0
0
Data Analysis Pythondata~5 mins

cut() and qcut() for binning in Data Analysis Python

Choose your learning style9 modes available
Introduction

We use cut() and qcut() to group continuous numbers into categories or bins. This helps us understand data better by simplifying it.

You want to group ages into ranges like 0-18, 19-35, 36-60, 60+.
You want to divide sales amounts into equal-sized groups to compare performance.
You want to label exam scores as low, medium, or high based on score ranges.
You want to split data into equal-sized groups based on percentiles for analysis.
Syntax
Data Analysis Python
pd.cut(x, bins, labels=None, right=True, include_lowest=False)
pd.qcut(x, q, labels=None, duplicates='raise')

cut() divides data into bins you define by numbers.

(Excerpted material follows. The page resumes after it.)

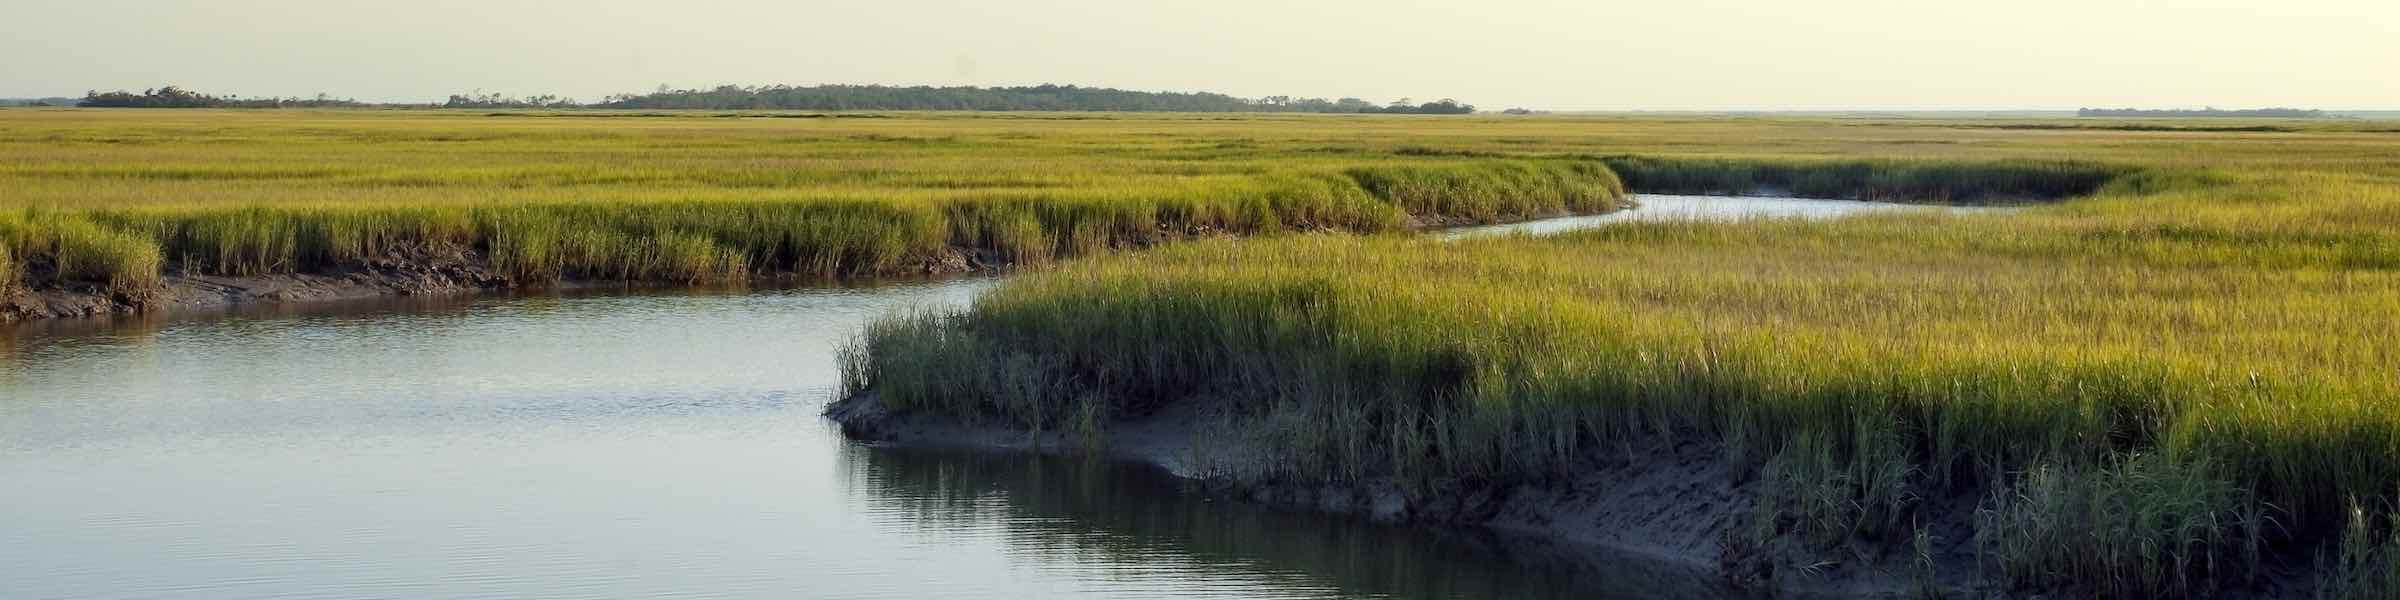 Peaceful marsh scene at Tybee Island, GA.

qcut() divides data into bins with equal number of points (quantiles).

Examples
This groups ages into 4 bins: 0-18, 19-35, 36-60, 61-100.
Data Analysis Python
import pandas as pd
ages = [5, 12, 17, 18, 24, 32, 45, 52, 70]
bins = [0, 18, 35, 60, 100]
categories = pd.cut(ages, bins)
print(categories)
This divides scores into 3 groups with equal number of scores each.
Data Analysis Python
import pandas as pd
scores = [55, 67, 89, 45, 90, 78, 88, 92, 70]
quantiles = pd.qcut(scores, 3, labels=['Low', 'Medium', 'High'])
print(quantiles)
Sample Program

This program shows how to group exam scores into categories using fixed ranges with cut() and into equal-sized groups with qcut().

Data Analysis Python
import pandas as pd

# Sample data: exam scores
scores = [55, 67, 89, 45, 90, 78, 88, 92, 70, 60]

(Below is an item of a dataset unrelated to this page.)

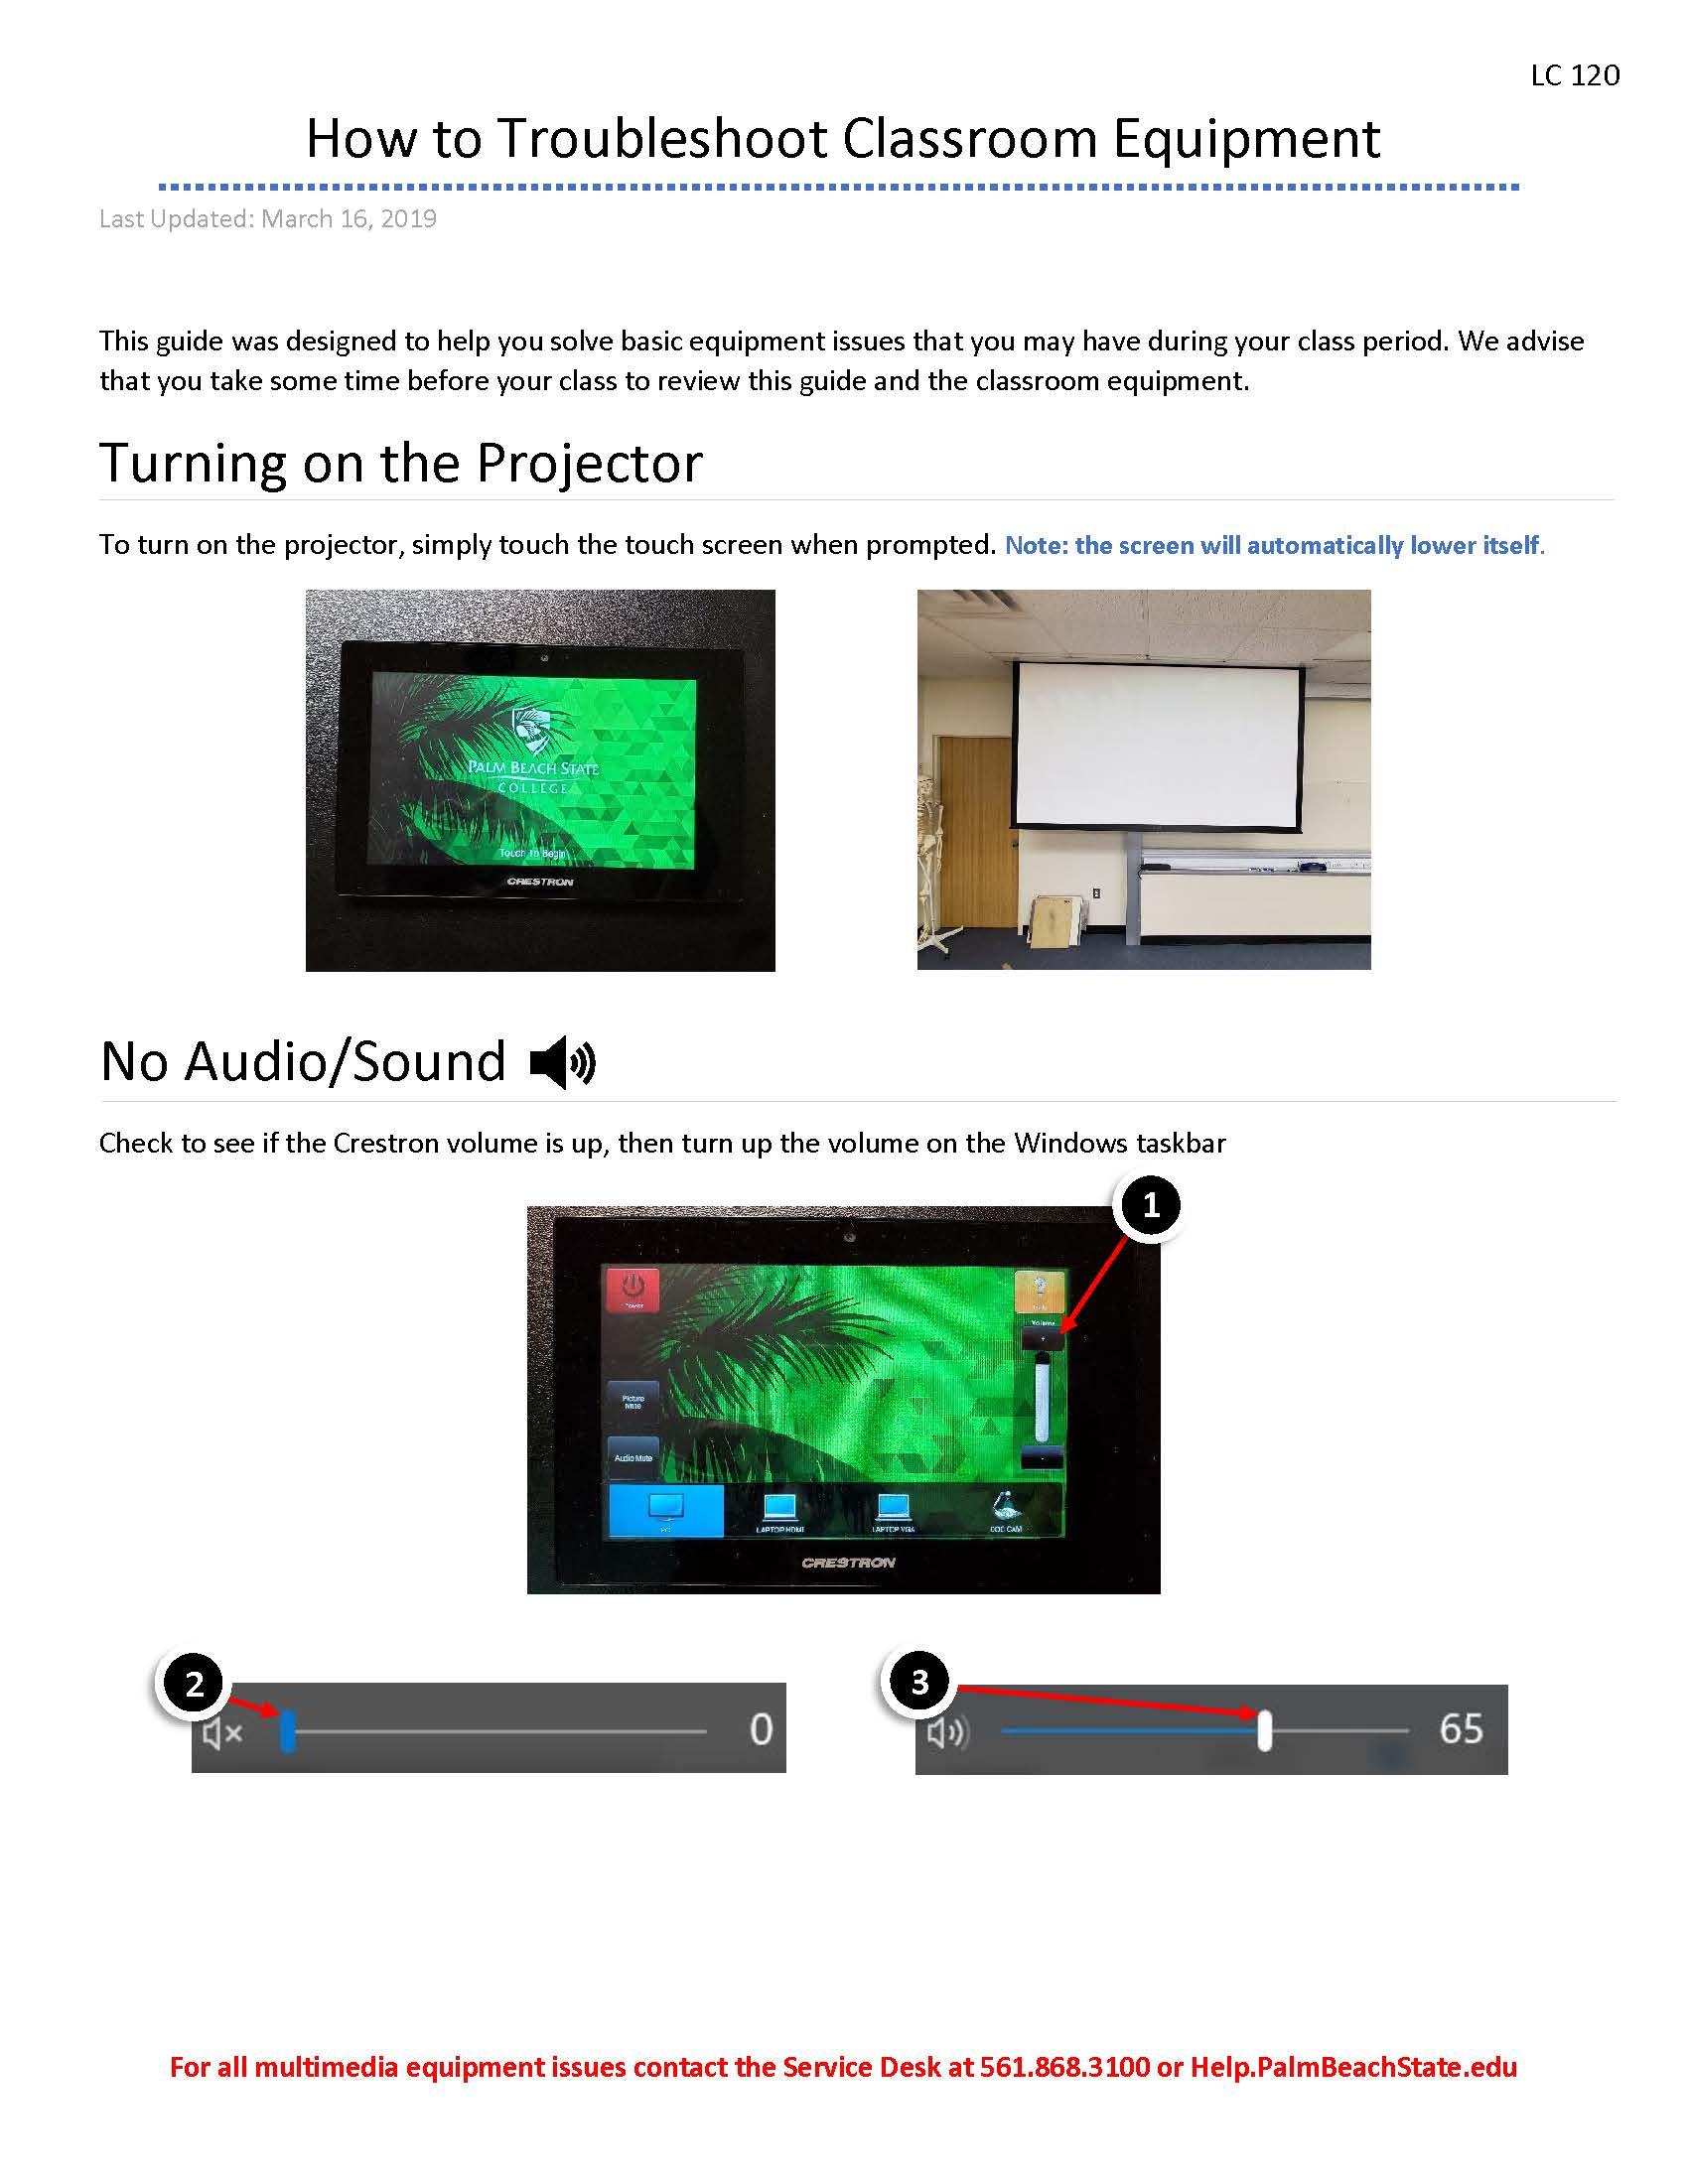 LC120 Multimedia Guide

# Using cut() to create fixed bins
bins = [0, 60, 75, 90, 100]
labels = ['Fail', 'Pass', 'Good', 'Excellent']
categorized_scores = pd.cut(scores, bins=bins, labels=labels, include_lowest=True)
print('Using cut():')
print(categorized_scores)

# Using qcut() to create quantile bins
quantile_labels = ['Low', 'Medium', 'High']
quantile_scores = pd.qcut(scores, q=3, labels=quantile_labels)
print('\nUsing qcut():')
print(quantile_scores)
OutputSuccess
Important Notes

With cut(), bins can overlap if not careful; always check bin edges.

qcut() may raise errors if there are duplicate values at bin edges; use duplicates='drop' to handle this.

Summary

cut() groups data by fixed numeric ranges you choose.

qcut() groups data into equal-sized groups based on data distribution.

Both help turn numbers into categories for easier analysis and visualization.